[Source records]
• • • • • • •

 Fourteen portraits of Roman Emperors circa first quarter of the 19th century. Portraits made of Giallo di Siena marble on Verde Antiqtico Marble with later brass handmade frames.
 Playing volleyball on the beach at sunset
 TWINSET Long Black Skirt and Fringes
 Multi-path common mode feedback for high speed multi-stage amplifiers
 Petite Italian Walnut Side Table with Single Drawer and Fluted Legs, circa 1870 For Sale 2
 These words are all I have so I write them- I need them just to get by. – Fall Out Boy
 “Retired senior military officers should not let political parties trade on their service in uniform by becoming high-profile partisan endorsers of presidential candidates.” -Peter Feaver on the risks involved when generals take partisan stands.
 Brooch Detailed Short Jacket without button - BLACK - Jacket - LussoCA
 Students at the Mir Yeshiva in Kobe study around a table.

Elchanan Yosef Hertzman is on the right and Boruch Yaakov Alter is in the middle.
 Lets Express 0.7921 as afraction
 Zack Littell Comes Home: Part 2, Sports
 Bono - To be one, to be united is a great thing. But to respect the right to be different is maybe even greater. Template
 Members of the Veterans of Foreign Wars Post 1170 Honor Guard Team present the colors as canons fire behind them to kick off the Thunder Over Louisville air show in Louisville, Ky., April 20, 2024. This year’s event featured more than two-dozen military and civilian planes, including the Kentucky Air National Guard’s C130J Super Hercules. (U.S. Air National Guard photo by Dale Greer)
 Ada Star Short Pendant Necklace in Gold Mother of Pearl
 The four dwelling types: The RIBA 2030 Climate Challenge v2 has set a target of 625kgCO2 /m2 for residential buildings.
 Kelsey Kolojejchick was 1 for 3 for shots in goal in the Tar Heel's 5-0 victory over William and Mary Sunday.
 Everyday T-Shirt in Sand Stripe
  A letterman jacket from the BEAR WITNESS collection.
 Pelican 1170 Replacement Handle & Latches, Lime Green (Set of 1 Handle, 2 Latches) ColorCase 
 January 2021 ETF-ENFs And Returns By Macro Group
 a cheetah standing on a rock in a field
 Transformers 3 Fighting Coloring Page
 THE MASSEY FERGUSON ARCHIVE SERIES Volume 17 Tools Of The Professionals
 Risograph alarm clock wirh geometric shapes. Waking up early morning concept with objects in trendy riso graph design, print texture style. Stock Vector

• • • • • • •

• **ABOUT THIS TASK**
Find the word "right" in the entries, and copy every line it shows up in.

• **RESULT OF THIS EXERCISE**
Elchanan Yosef Hertzman is on the right and Boruch Yaakov Alter is in the middle.
 Bono - To be one, to be united is a great thing. But to respect the right to be different is maybe even greater. Template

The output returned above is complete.